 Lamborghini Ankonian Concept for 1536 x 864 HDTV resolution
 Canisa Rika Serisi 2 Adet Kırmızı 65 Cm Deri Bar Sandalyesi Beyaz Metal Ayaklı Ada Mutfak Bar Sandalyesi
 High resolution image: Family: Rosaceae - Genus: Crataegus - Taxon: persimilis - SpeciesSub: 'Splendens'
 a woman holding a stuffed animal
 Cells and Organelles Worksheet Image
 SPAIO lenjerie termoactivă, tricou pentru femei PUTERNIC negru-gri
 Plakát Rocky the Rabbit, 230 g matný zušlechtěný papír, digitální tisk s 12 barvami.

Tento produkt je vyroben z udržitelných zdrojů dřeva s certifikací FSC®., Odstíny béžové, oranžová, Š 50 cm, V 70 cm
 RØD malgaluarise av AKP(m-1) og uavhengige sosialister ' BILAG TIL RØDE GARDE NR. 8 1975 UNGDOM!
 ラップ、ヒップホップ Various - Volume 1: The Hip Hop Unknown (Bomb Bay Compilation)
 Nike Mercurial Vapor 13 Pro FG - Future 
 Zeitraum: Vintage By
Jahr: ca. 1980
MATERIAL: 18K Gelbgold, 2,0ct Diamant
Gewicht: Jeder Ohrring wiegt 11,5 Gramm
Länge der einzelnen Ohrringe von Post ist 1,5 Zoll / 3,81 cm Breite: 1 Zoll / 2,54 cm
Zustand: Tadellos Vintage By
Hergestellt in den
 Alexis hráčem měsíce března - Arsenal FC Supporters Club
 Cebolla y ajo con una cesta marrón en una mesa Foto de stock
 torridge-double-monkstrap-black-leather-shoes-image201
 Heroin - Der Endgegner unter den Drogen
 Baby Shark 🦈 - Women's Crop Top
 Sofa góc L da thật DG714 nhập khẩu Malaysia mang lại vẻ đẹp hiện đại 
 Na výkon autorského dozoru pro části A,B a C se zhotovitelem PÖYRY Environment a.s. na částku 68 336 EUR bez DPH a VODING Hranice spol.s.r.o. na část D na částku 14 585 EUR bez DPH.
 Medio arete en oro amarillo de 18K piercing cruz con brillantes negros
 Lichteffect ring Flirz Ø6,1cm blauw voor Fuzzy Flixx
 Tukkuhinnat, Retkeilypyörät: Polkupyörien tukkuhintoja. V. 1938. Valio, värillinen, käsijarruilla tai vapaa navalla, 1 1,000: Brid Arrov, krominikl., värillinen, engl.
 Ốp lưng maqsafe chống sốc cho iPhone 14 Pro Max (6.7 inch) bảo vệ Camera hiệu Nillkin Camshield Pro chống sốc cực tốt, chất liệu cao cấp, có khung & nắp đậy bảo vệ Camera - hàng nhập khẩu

======

Assignment:
Using the entries above, repeat only the lines from the one containing "Länge der einzelnen" through the one containing "torridge-double-monkstrap-black-leather-shoes-image201", end lines included.

Answer space:
Länge der einzelnen Ohrringe von Post ist 1,5 Zoll / 3,81 cm Breite: 1 Zoll / 2,54 cm
Zustand: Tadellos Vintage By
Hergestellt in den
 Alexis hráčem měsíce března - Arsenal FC Supporters Club
 Cebolla y ajo con una cesta marrón en una mesa Foto de stock
 torridge-double-monkstrap-black-leather-shoes-image201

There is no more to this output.